The beginning
Not as a software project. But out of dissatisfaction.
HistoriaMP did not begin with a research proposal, not with a working group and not with the plan to build a platform. It began with an interest in the Templars - and with the growing feeling that, when reading many accounts, I remained surprisingly far away from the actual source.
One reads a great deal about sources. But at some point one asks: where is the evidence, actually? Where does the manuscript end, and where does interpretation, smoothing or transmission begin?
The question was not complicated. It was only persistent: What is really written there?
Not: what was later made from it? Not: which modern narrative fits well? But: what can actually be seen, checked and justified in the concrete manuscript?
The first AI test
Then I simply put a manuscript image into an AI.
The first step was not a fully developed technical plan. It was an experiment. Put in a manuscript image and see what happens.
The first results were fascinating. The AI recognized structures, described pages and generated readings that seemed surprisingly plausible. For someone without a large research team, without a ready-made training corpus and without institutional infrastructure, that was a moment of real opening.
But that was exactly where the problem lay.
The sobering point
Plausible is not the same as evidenced.
An AI can formulate convincingly. It can close gaps, add from context, smooth damaged passages and generate from a few visible traces a text that sounds so good that one almost forgets to check it against the image.
With historical manuscripts, that is precisely what is dangerous. A beautiful text is not yet a secure text. A linguistically fitting reading is not yet source evidence.
The problem was not that AI could do nothing. The problem was that it could often do too much - and seemed too certain while doing it.
The turning point
A transcription attempt became a pipeline.
The workflow "image in, text out" was methodologically too weak. It concealed exactly the part that matters most with historical sources: the path from visible evidence to reading.
So the question changed. No longer: can the AI read this? Instead: how do I force a system to justify its reading?
Early modules must not read. They may only observe. Layout must not be confused with meaning. A glyph must not be turned too quickly into a letter. A minim cluster must not automatically become a word. The source comes first. The text comes later.
Why LLM instead of only HTR?
Anyone who cannot read a script cannot simply train it either.
Classical HTR systems have their value. But anyone who wants to read an unknown historical hand faces precisely the difficulty that they cannot read it securely. To train an HTR system meaningfully, however, one would already have to provide many correct examples.
That is paradoxical: one trains a system so that it can read the script - but to train it, one must already be able to read the script to a considerable extent.
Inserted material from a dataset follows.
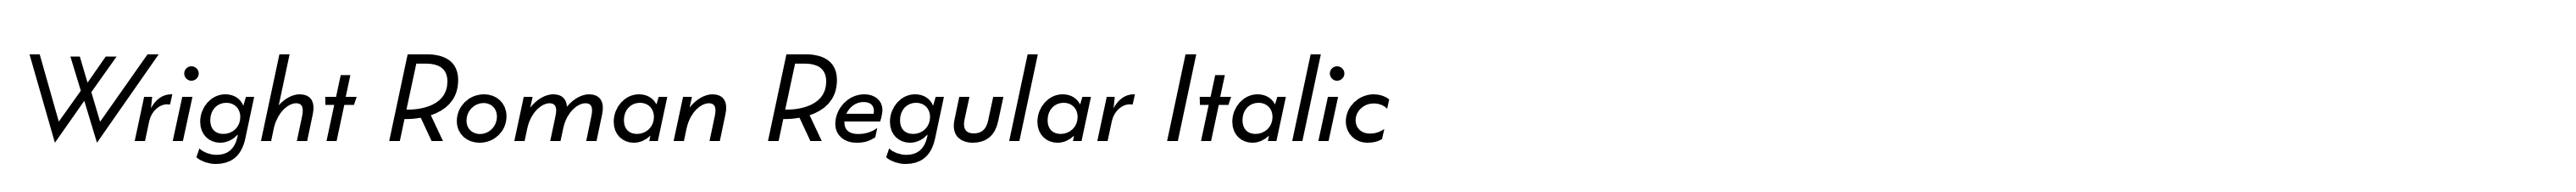 Wright Roman Regular Italic

That is why the LLM path is important for HistoriaMP. Not because LLMs are automatically right. But because they can provide an entry point before a specific training corpus exists - if they are controlled methodologically.
Why public?
The problem is not only mine.
HistoriaMP could have remained a private tool. But many people are interested in historical documents and cannot reach them: old letters, family sources, archival material, church documents, chronicles or digitized manuscripts.
Not everyone has palaeographic training. Not everyone can train an HTR system. Not everyone can build a technical pipeline. Even so, the interest can be real.
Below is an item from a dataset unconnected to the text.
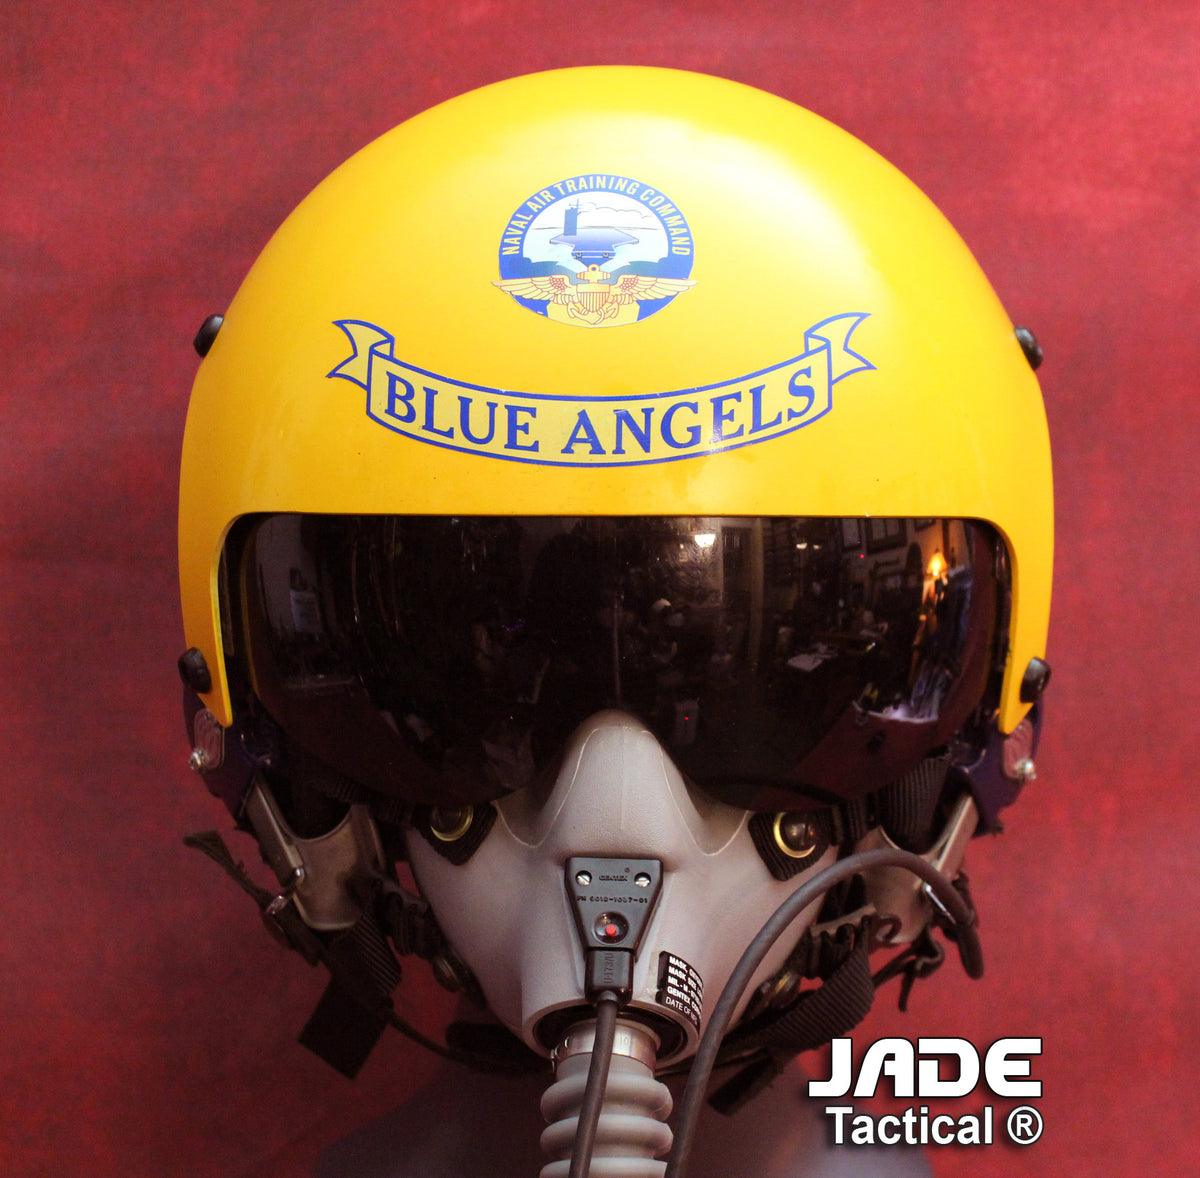 fighter pilot motorcycle helmet

That is why HistoriaMP is intended in the long term to become accessible as a portal - not as a quick AI toy, but as a serious path to the source.
The simple centre
I wanted to know what is written in a source.
That question became a project. The project became a pipeline. The pipeline is intended to become a portal. And the portal may become access for many people who do not merely want to admire historical documents, but want to understand them.
Not as a shortcut past scholarship. But as a path to the source - with scholarly standards, visible uncertainty and verifiable readings.